* Assignment *
A faithful copy is needed of the lines below from the one with "07b16752b019d Nike Nike" up to and including the one with "Toddler S Bed"; set it down with no pictures and no other lines.

* Records shown *
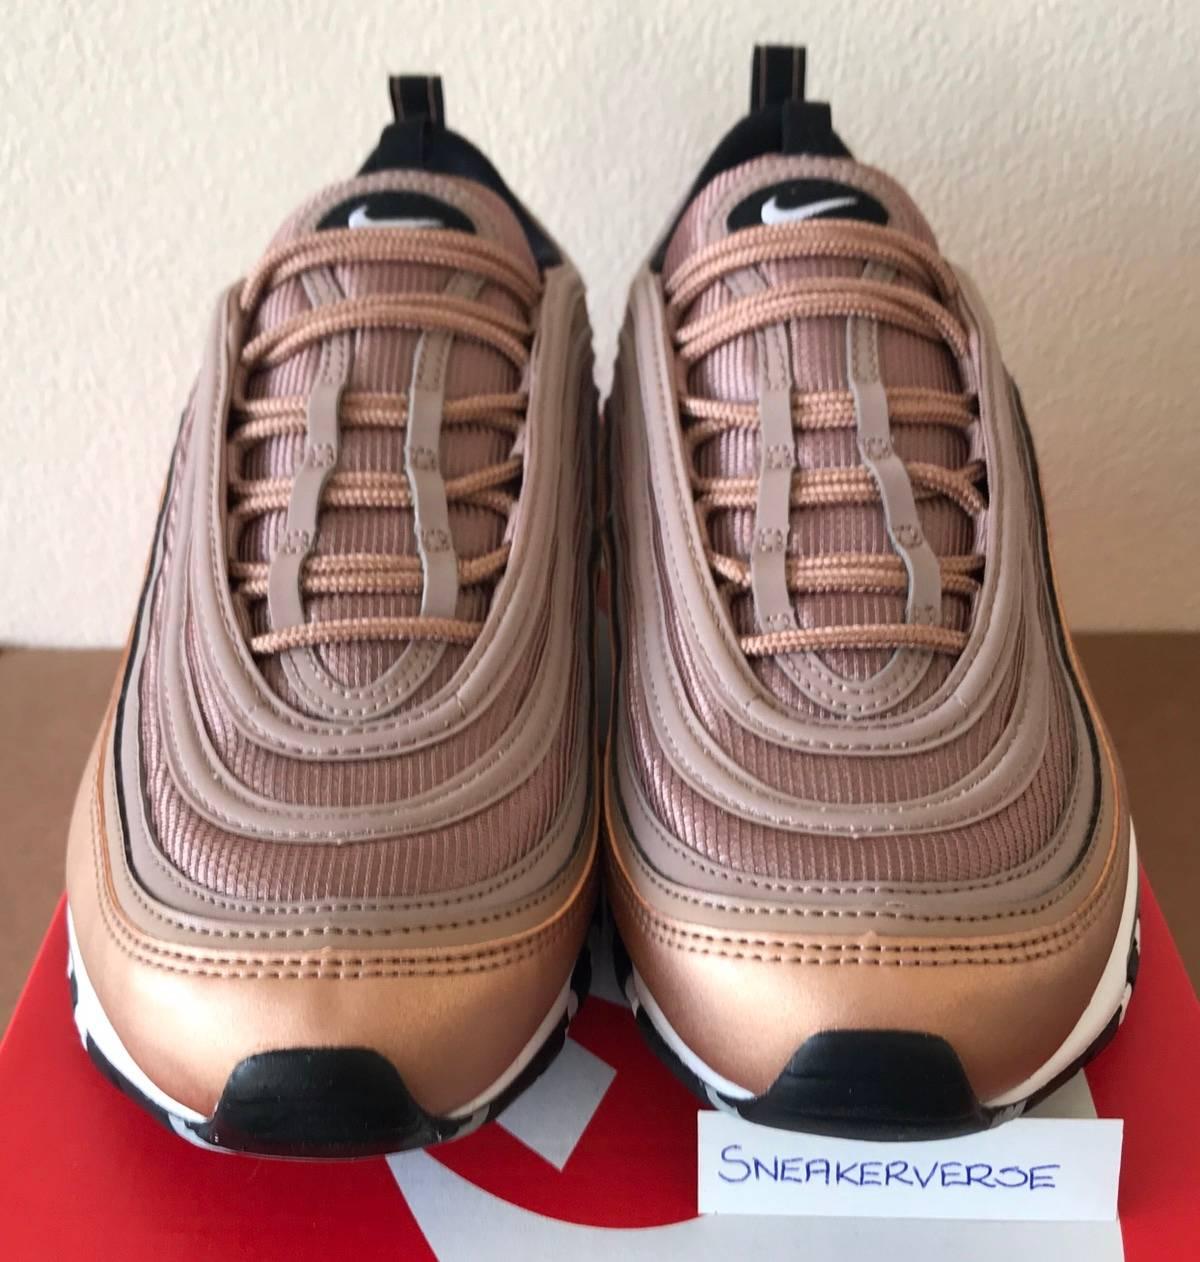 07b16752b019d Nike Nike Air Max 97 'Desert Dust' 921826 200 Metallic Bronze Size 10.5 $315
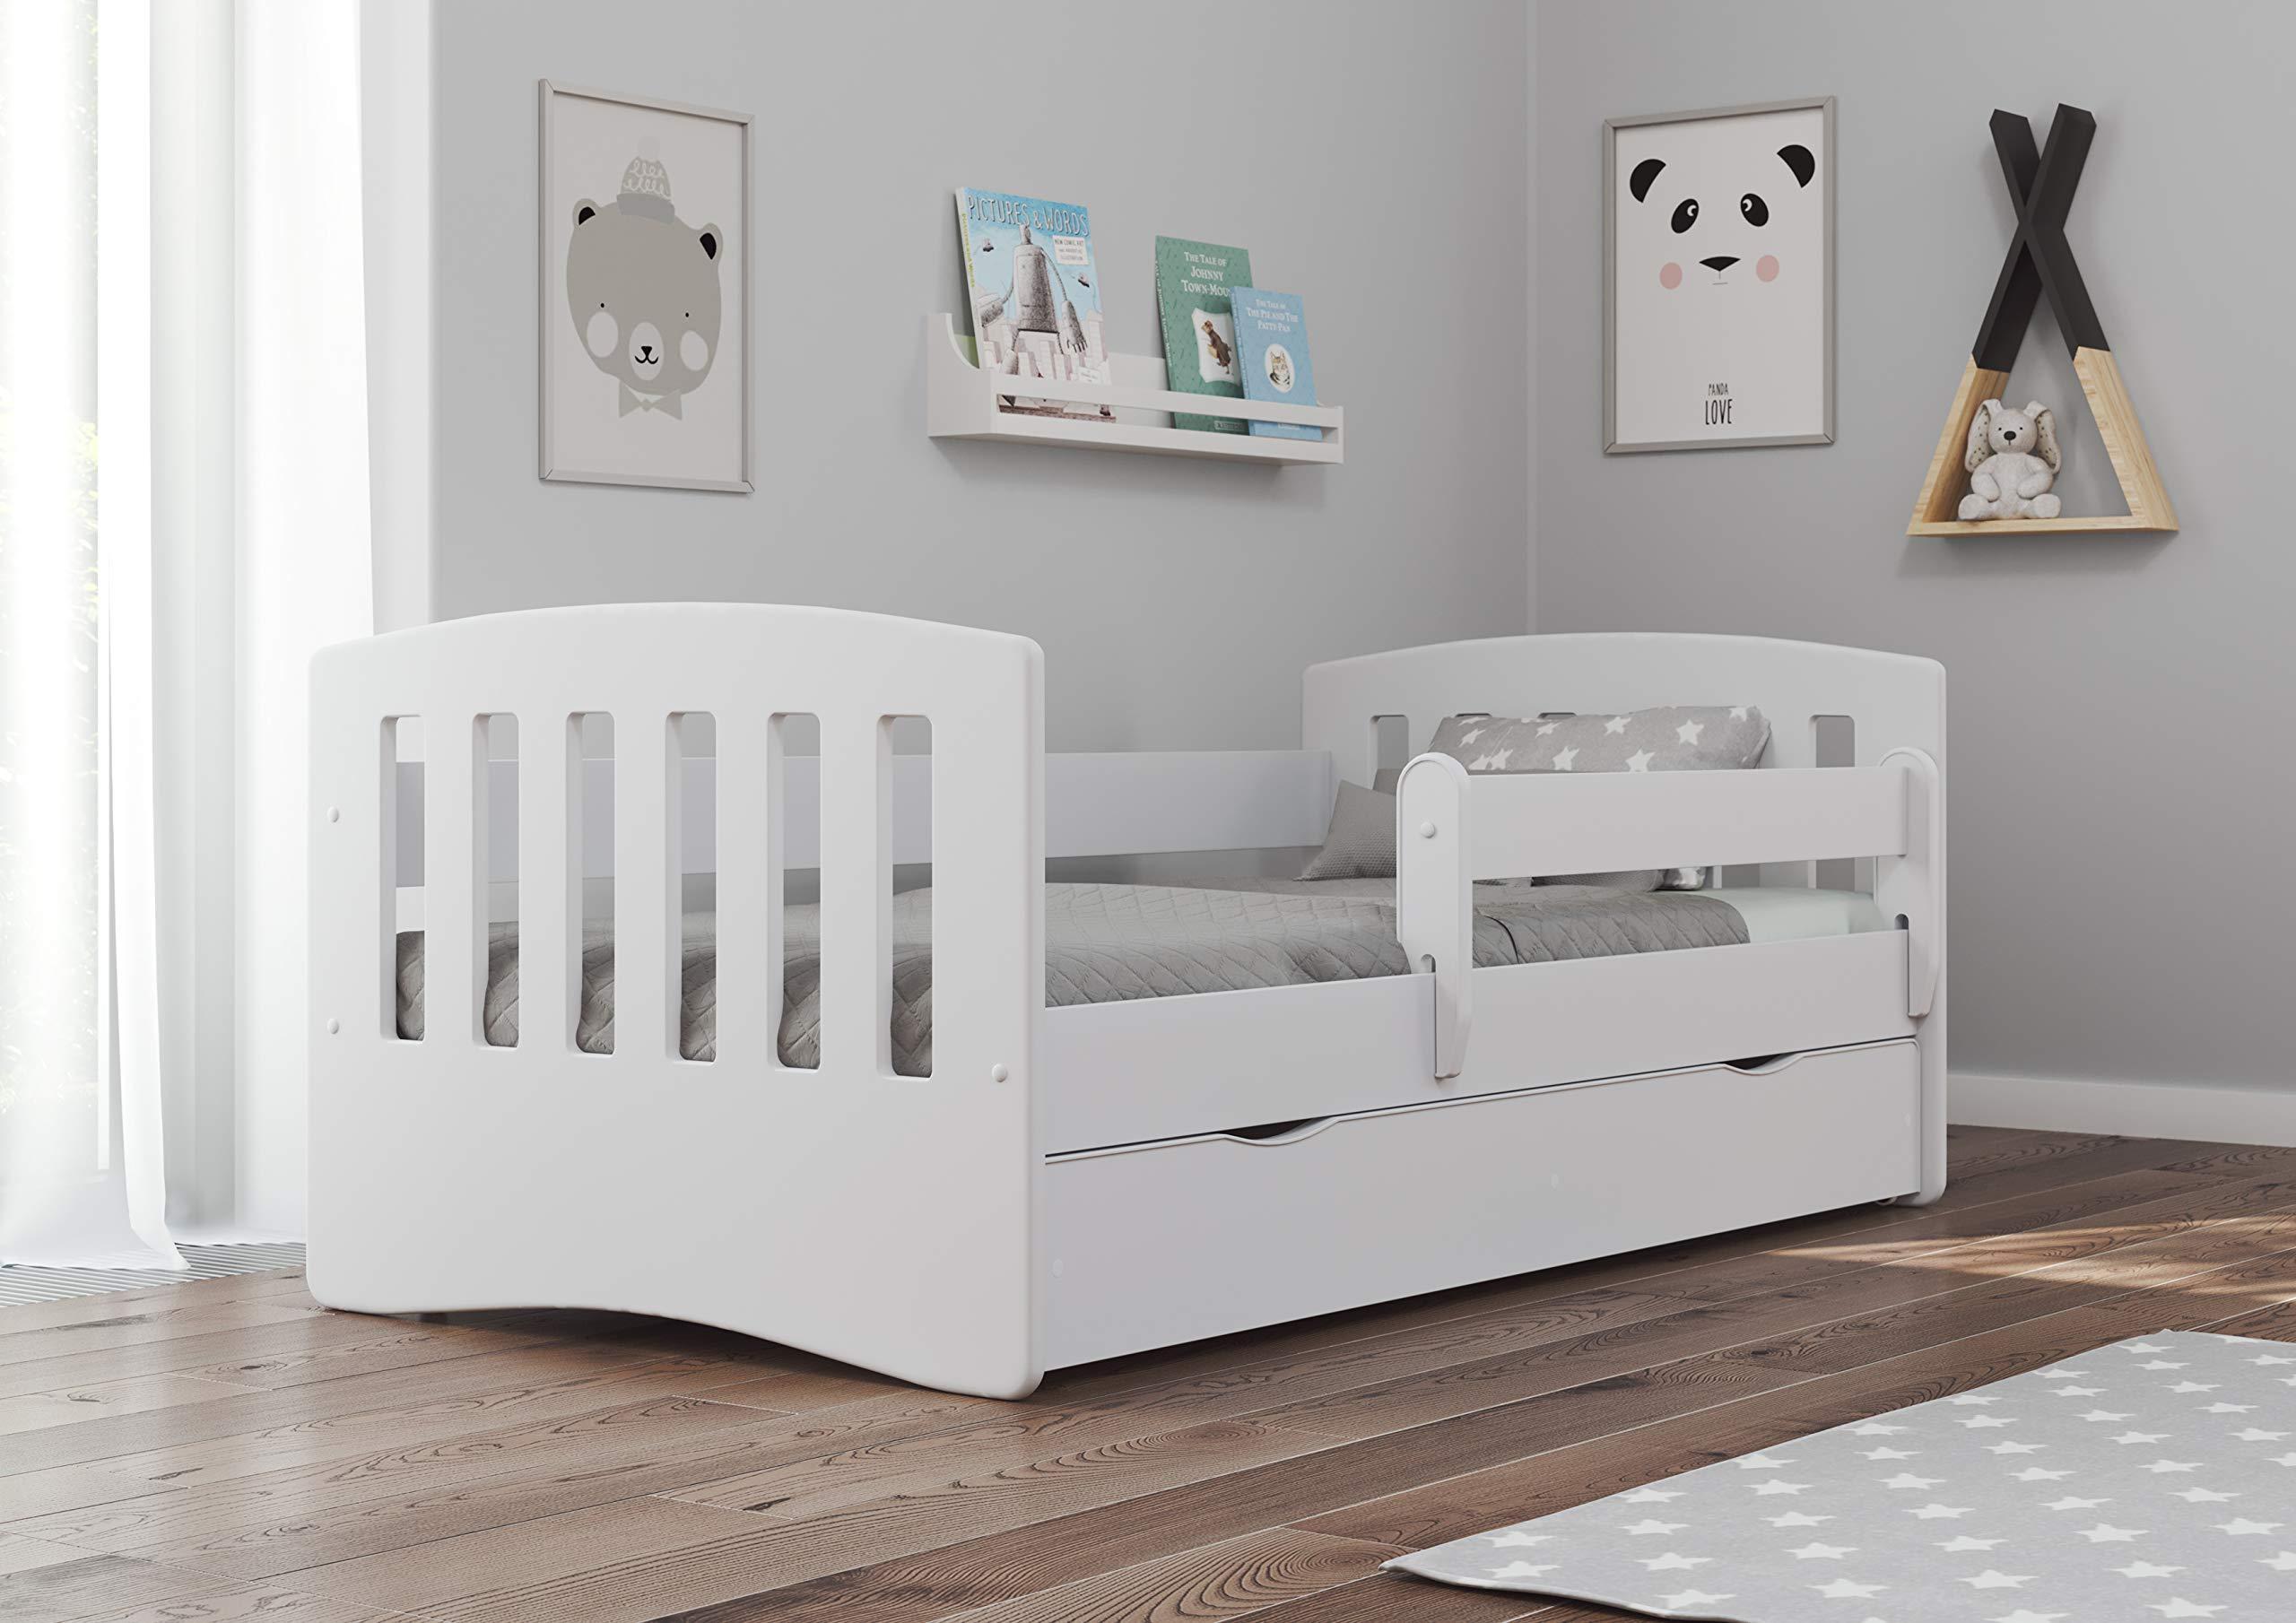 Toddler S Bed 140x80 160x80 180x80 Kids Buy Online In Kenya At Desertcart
--
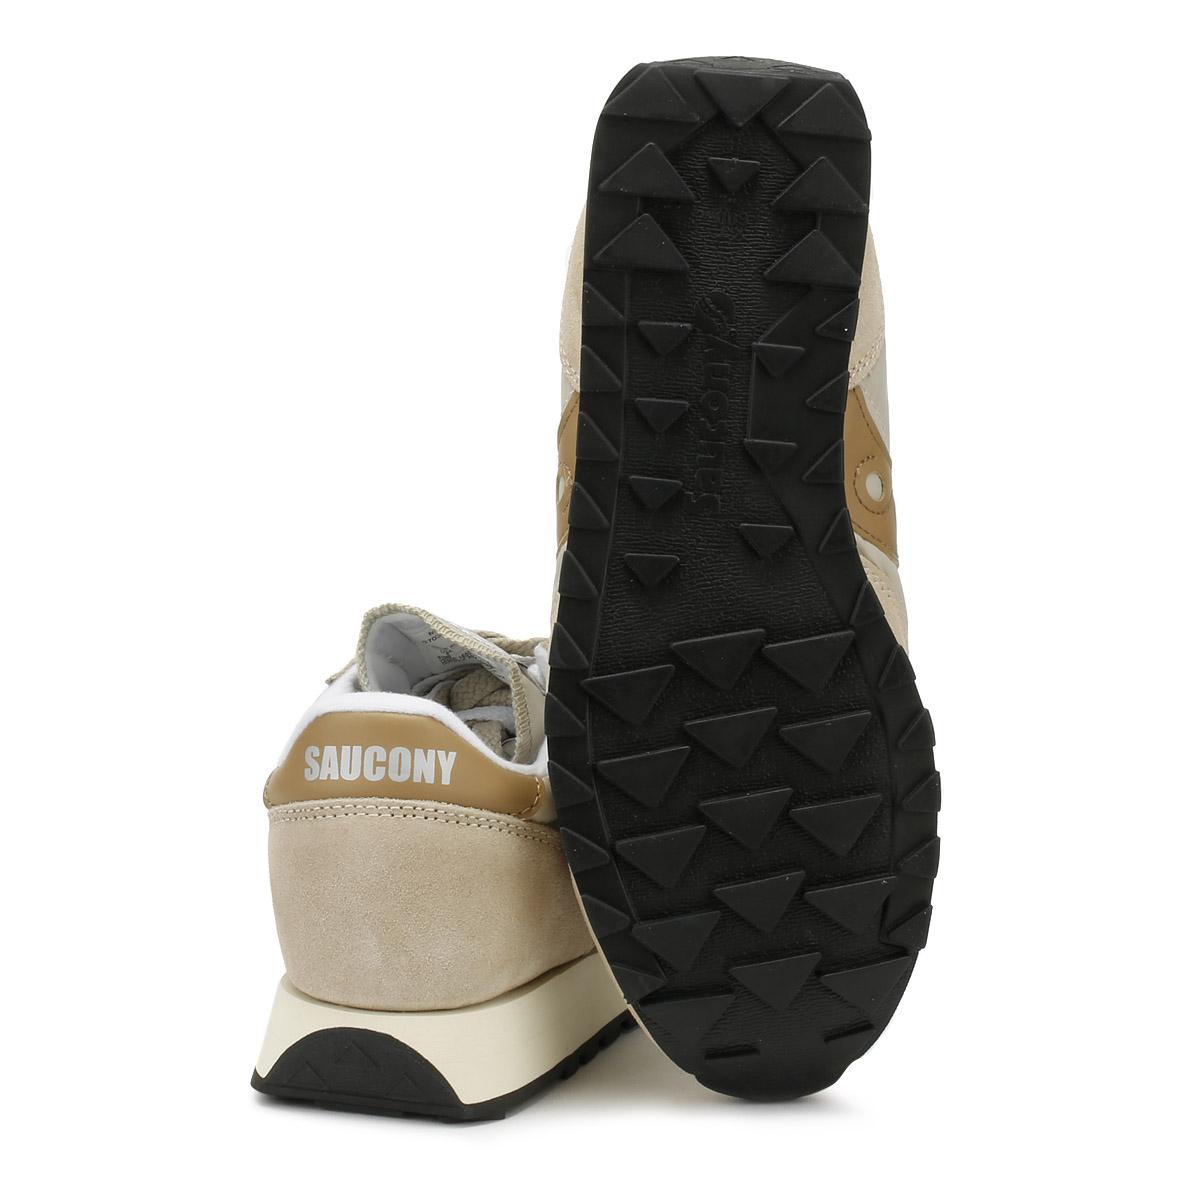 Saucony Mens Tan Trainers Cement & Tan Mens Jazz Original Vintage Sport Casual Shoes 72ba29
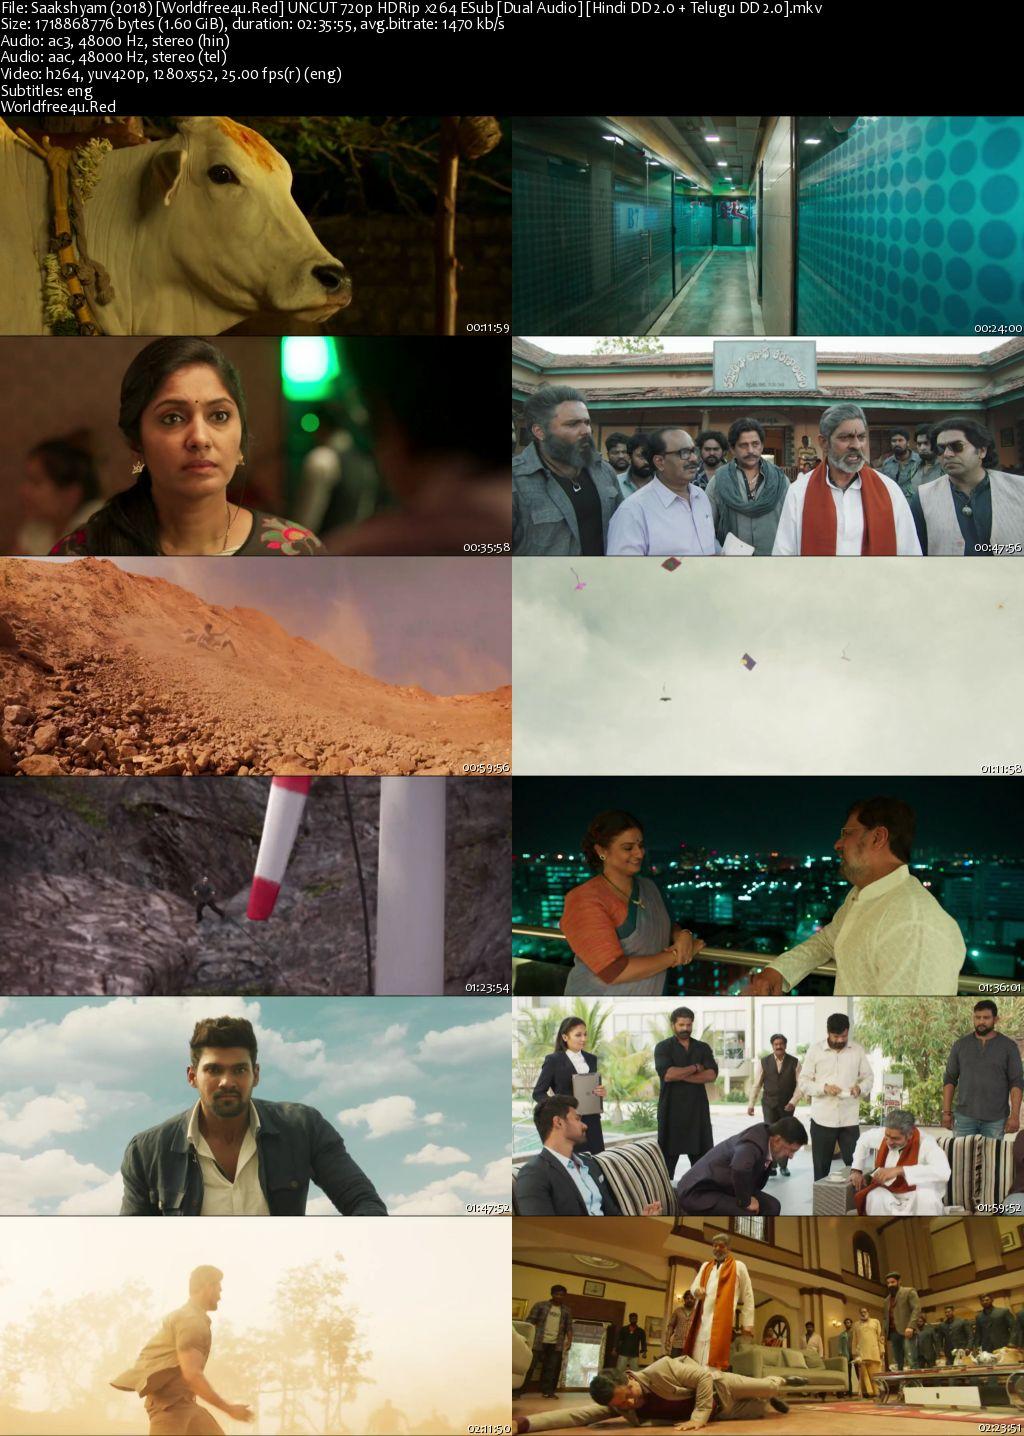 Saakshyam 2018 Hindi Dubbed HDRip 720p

* Problem solution *
 07b16752b019d Nike Nike Air Max 97 'Desert Dust' 921826 200 Metallic Bronze Size 10.5 $315
 Toddler S Bed 140x80 160x80 180x80 Kids Buy Online In Kenya At Desertcart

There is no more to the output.